The Modern Calendar and its Origins

Jan 7, 2016

Imagine falling asleep one evening and waking up the following day... to find yourself some 10 to 13 days in the future! Over the past few centuries, people all over the world witnessed this phenomenon at one point or another as countries made the switch from the Julian calendar to the Gregorian calendar, currently the most widely known and extensively used calendar in the world.

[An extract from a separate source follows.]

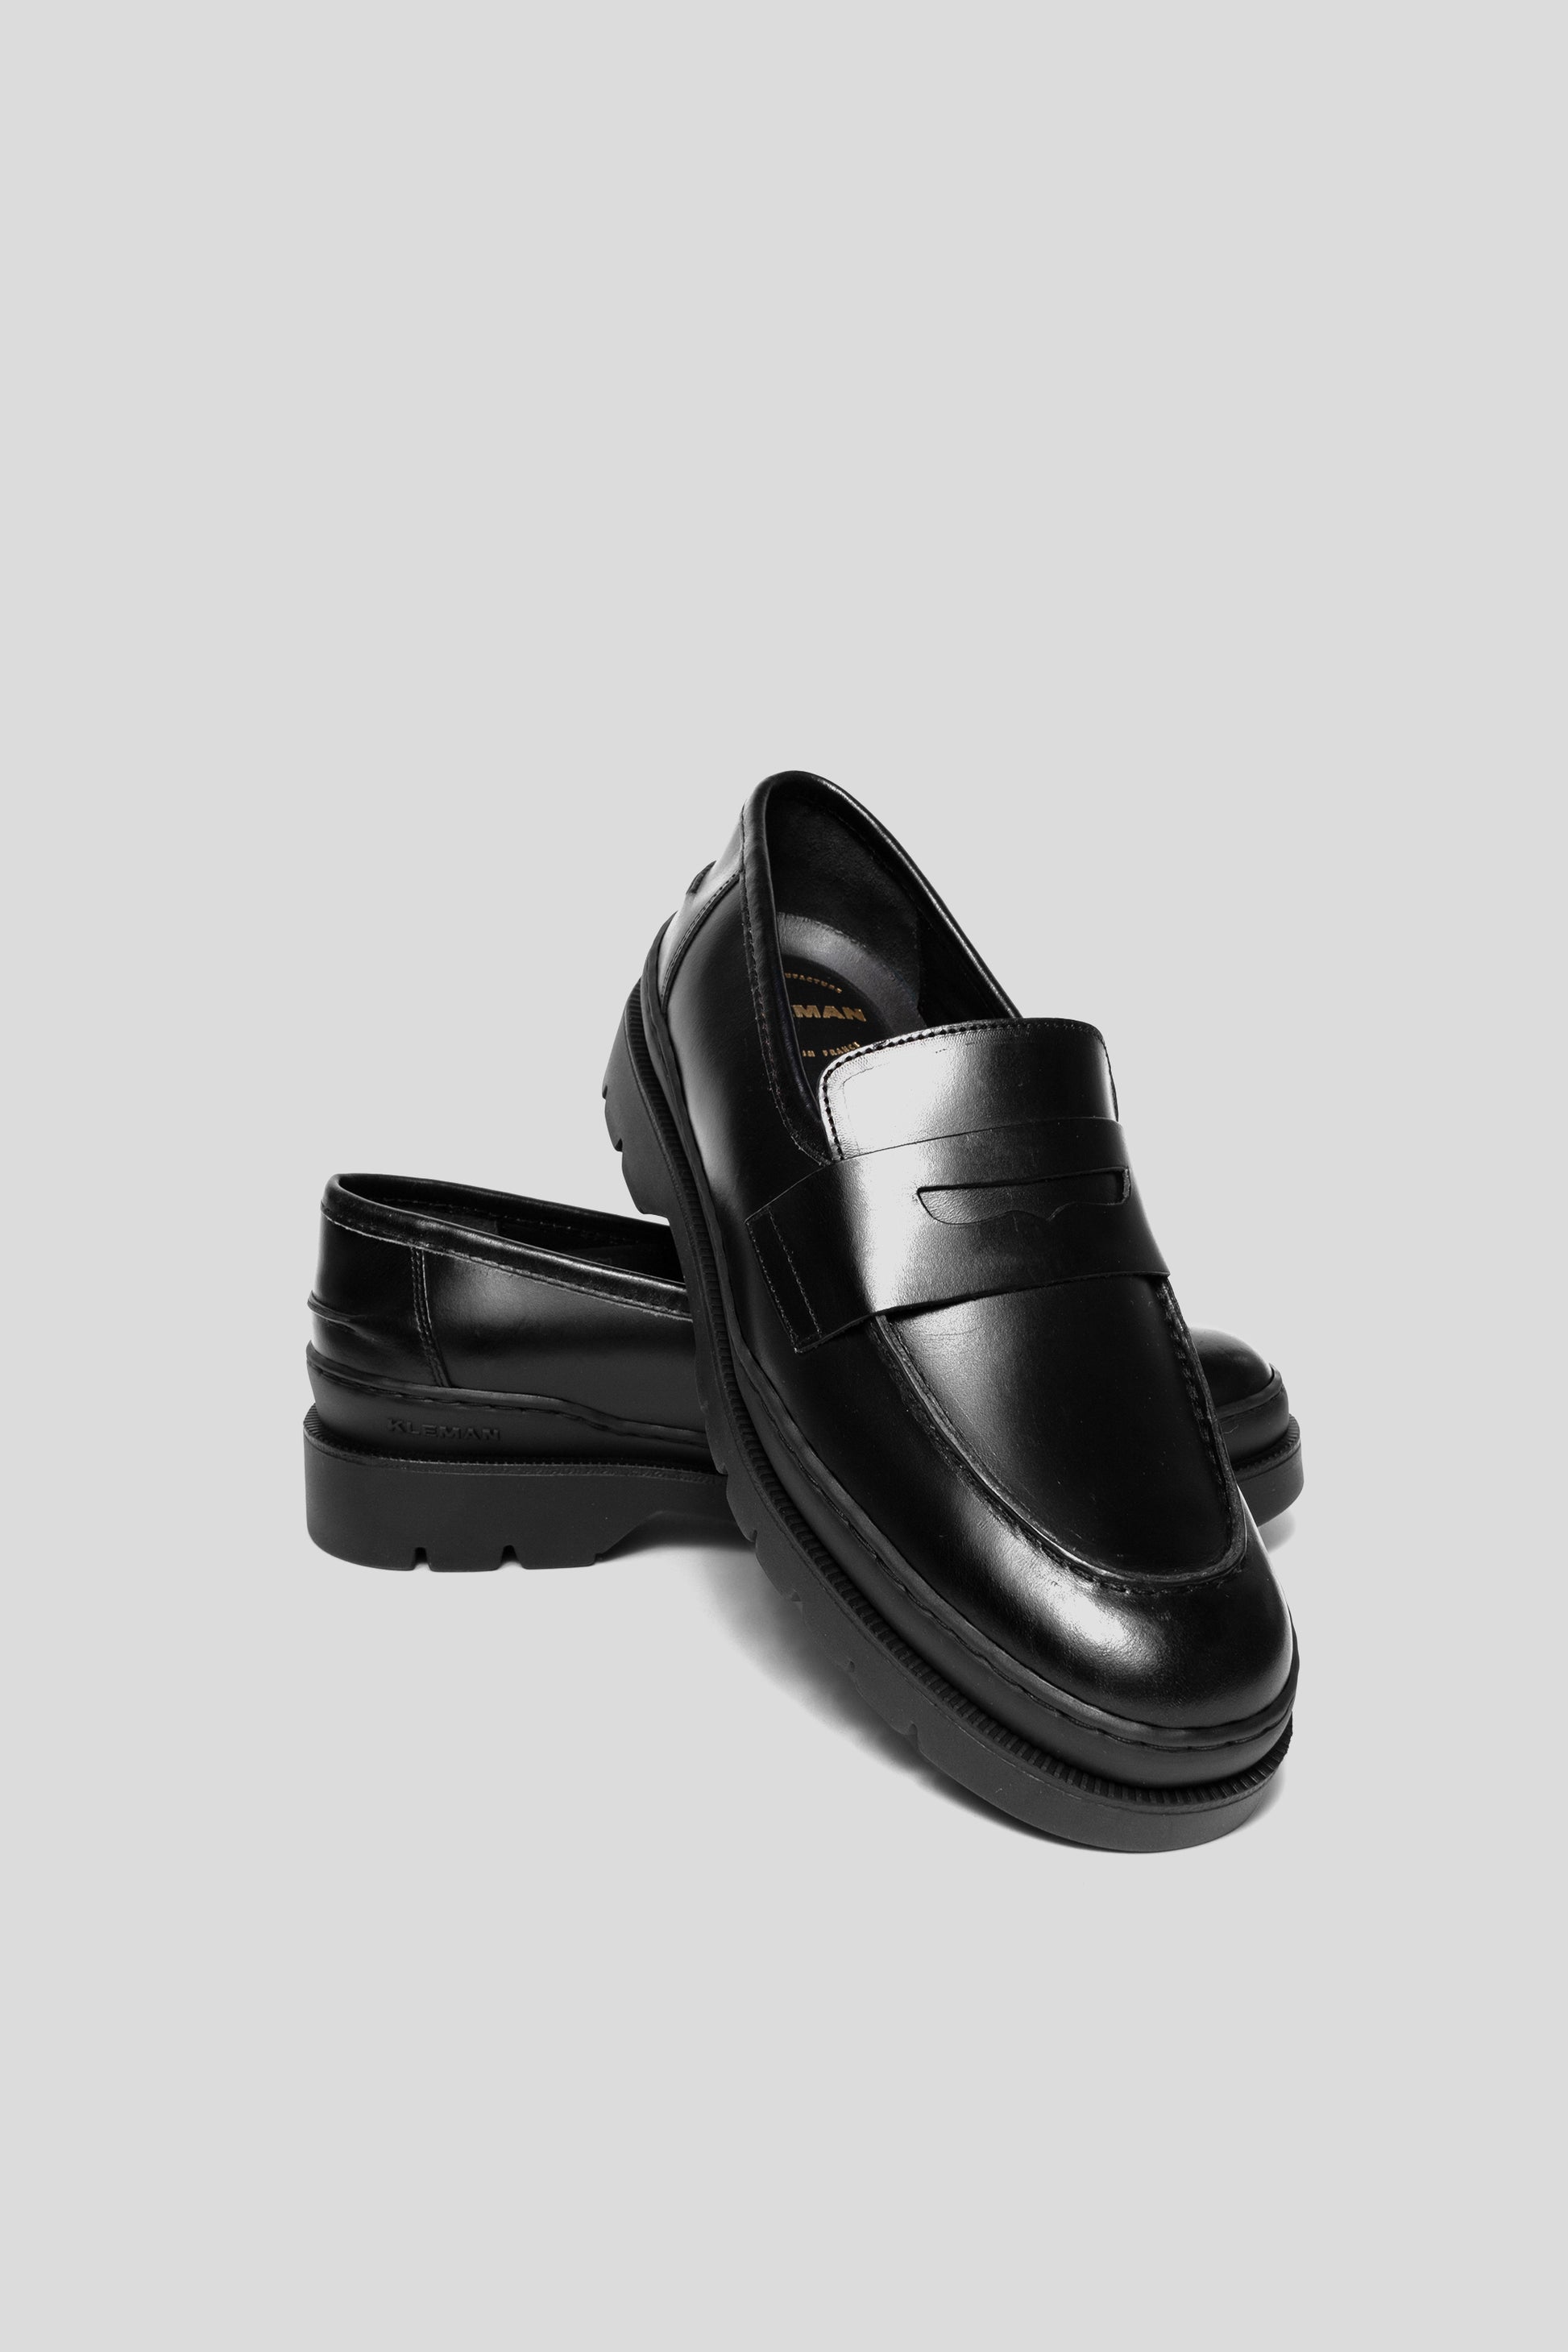 Women's Kleman A ccore M VGT Loafer in Black

The Gregorian calendar derives its basic 365-day, 12-month year (and the notion of a leap year) from the Julian calendar, which was created by the Romans. The Catholic Church commissioned the Gregorian calendar (named after Pope Gregory XIII) in the 16th century to establish a standard calendar that was a closer approximation of the tropical year—and therefore, aligned more consistently with astronomical occurrences like seasons and equinoxes. The average year in the Julian calendar is 365.25 days, while the average year in the Gregorian calendar is 365.2425 days. This may seem like a minute difference, but trust us, it added up—calculation inaccuracies in the Julian calendar resulted in an extra day every 134 years! In contrast, the Gregorian calendar is off by about 1 day every 3236 years (source).

Understandably, when implementing the Gregorian calendar, avoiding further deviation from the tropical year was key. To fix this drift, a 10-day correction was deemed necessary. France, Portugal, Italy, Poland, & Spain were the first countries to make the switch in 1582. Citizens of these countries went to bed on the evening of Thursday, October 4, 1582 and woke up the morning of Friday, October 15, 1582.

As time passed, the number of days necessary to make the transition increased. By the time Great Britain and the British Empire at large switched to the Gregorian calendar in 1752, an 11-day shift was necessary—Wednesday, September 2nd, 1752 was followed by Thursday, September 14th, 1752. The Gregorian calendar’s worldwide spread continued as late as 1949, when it was formally adopted by the People’s Republic of China.